Dataset extract
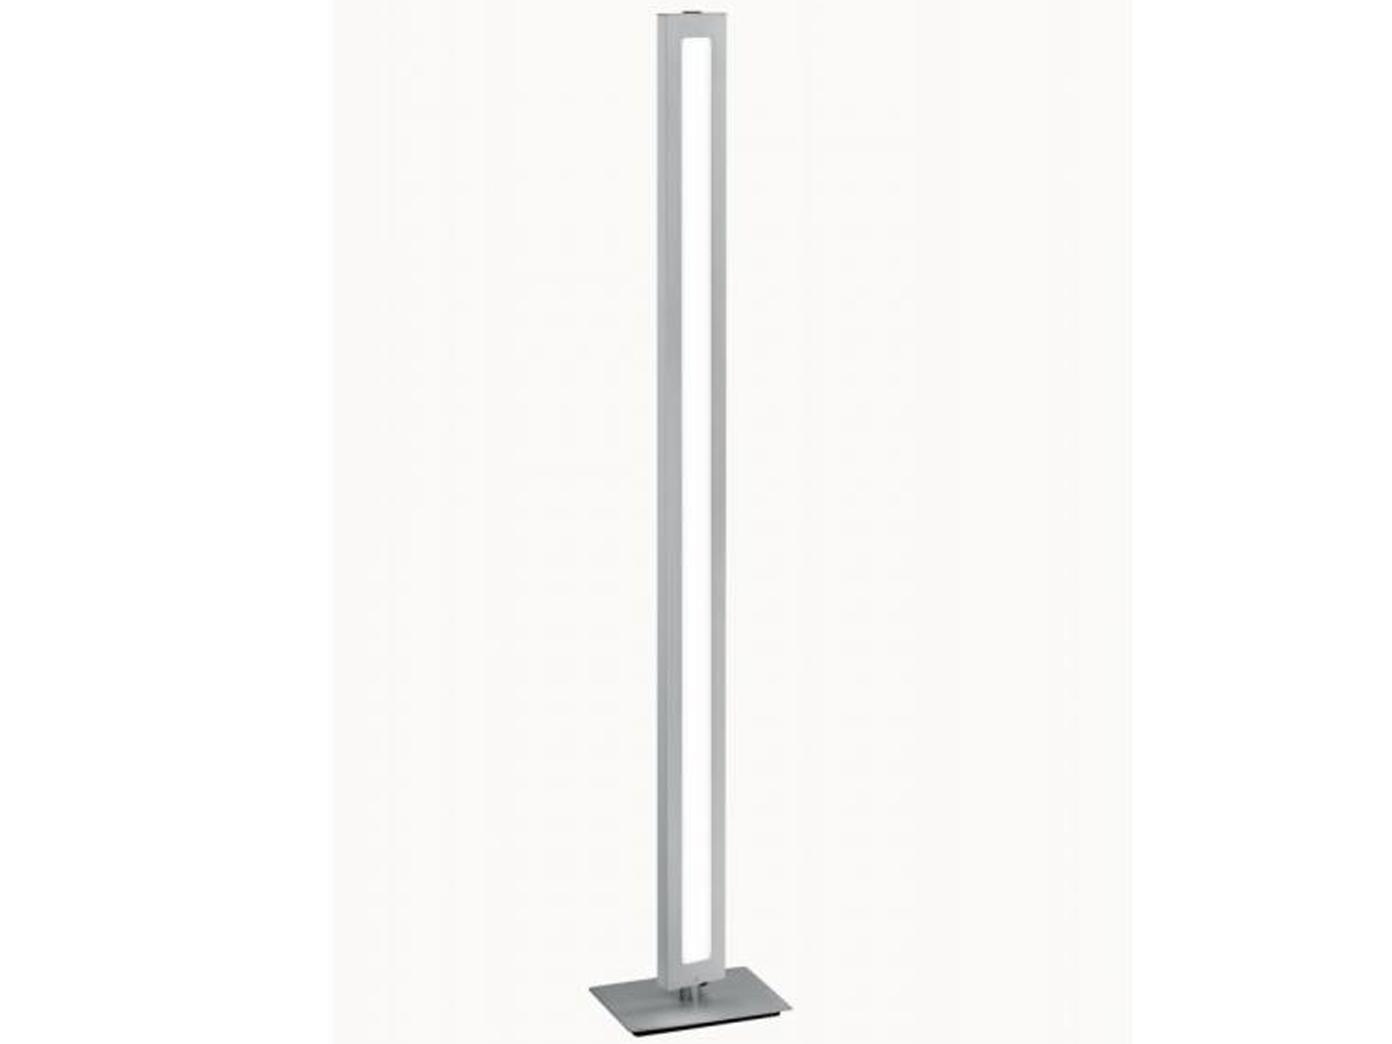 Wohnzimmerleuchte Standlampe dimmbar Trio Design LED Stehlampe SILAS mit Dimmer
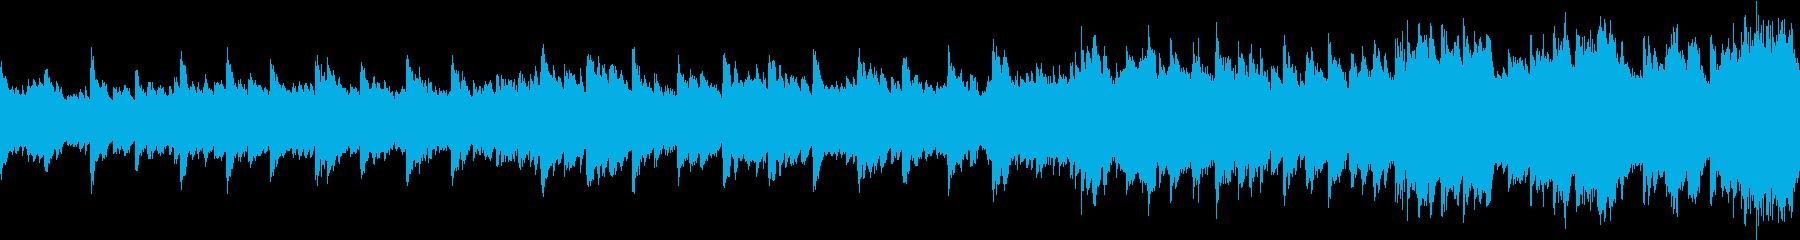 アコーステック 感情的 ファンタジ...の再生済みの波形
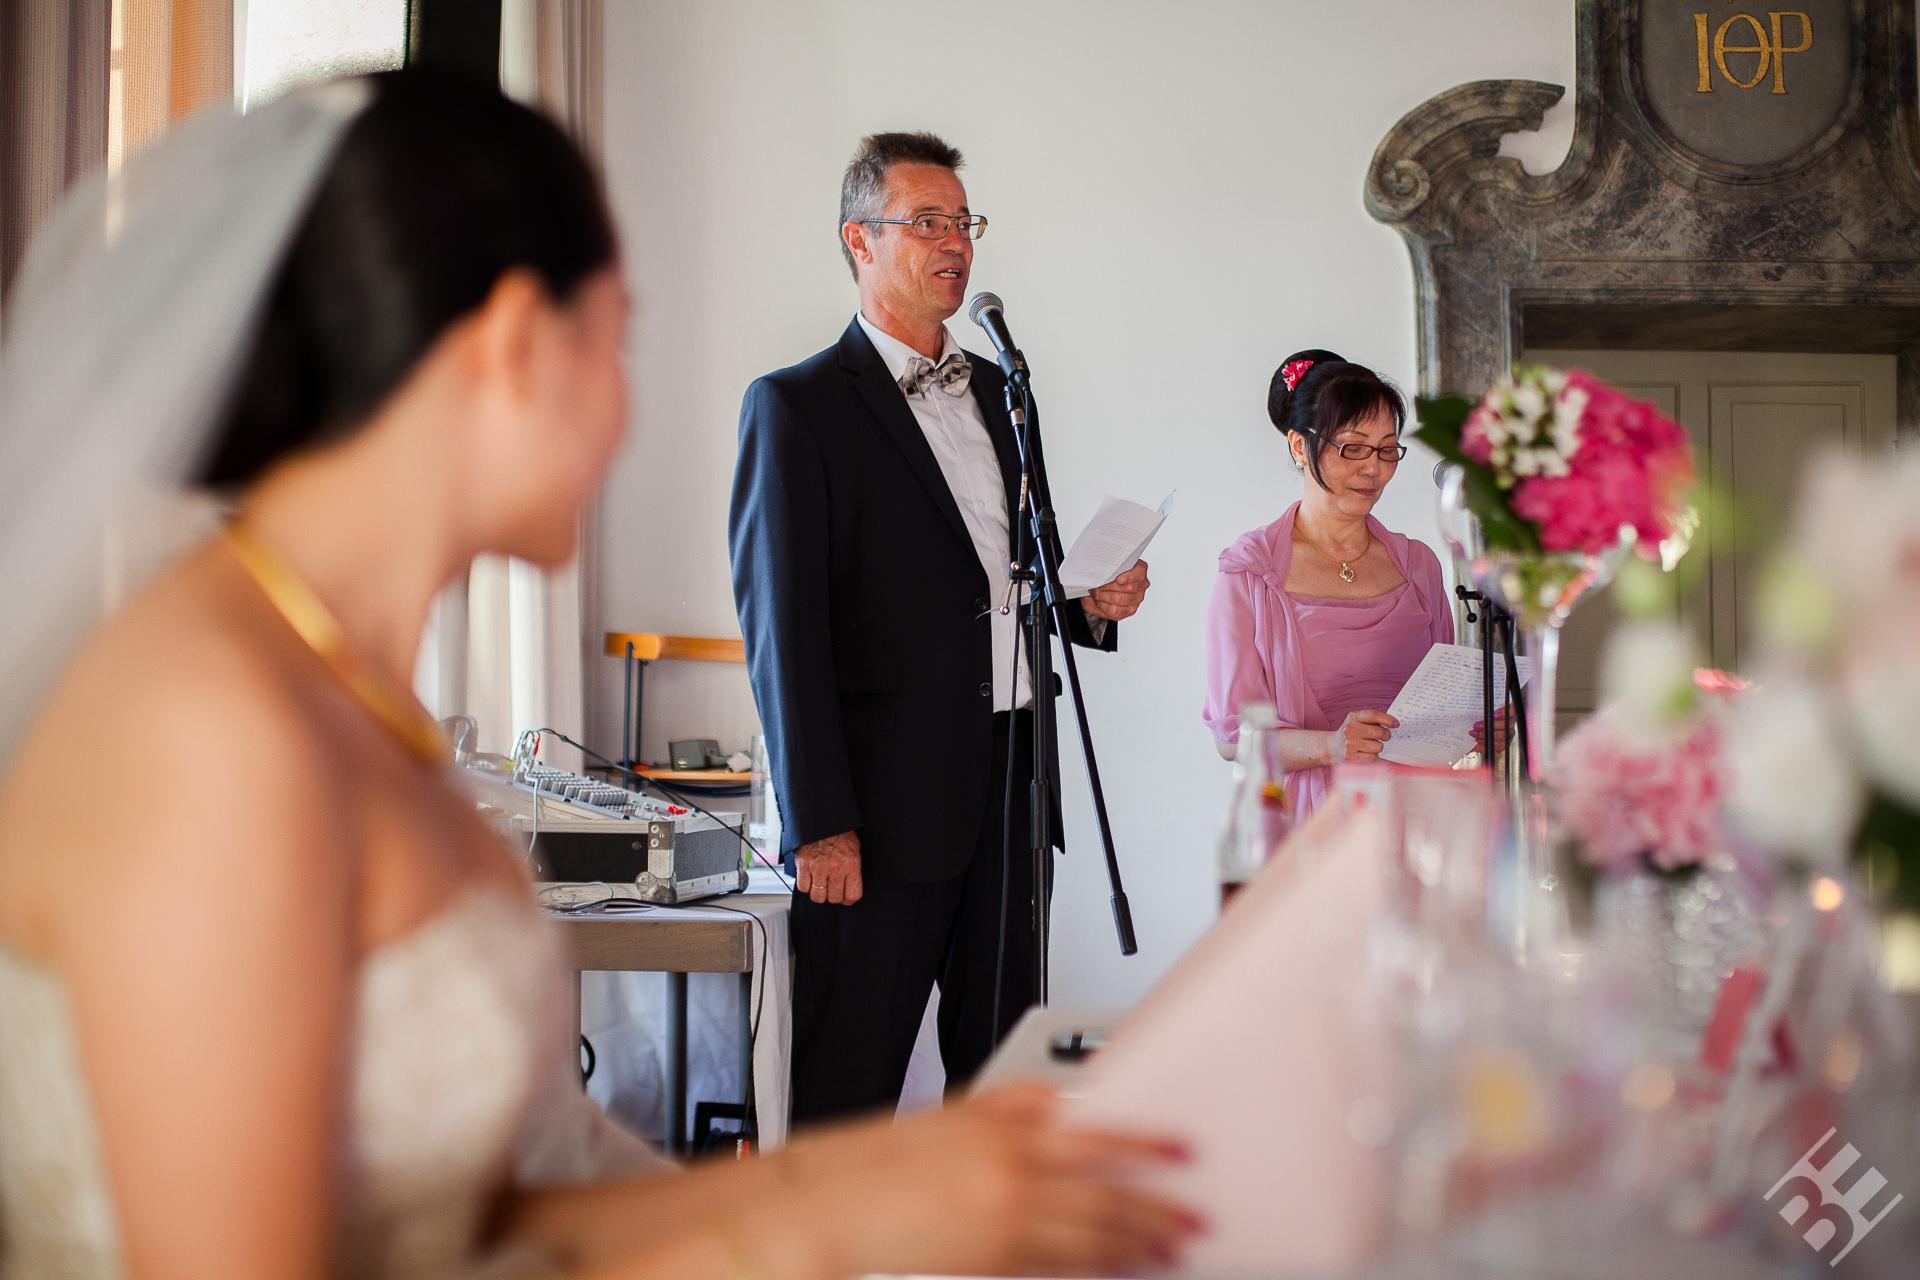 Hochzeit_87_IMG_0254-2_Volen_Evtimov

Your assignment
Omit the pictures and output all remaining material exactly.

Written response
 Wohnzimmerleuchte Standlampe dimmbar Trio Design LED Stehlampe SILAS mit Dimmer
 アコーステック 感情的 ファンタジ...の再生済みの波形
 Hochzeit_87_IMG_0254-2_Volen_Evtimov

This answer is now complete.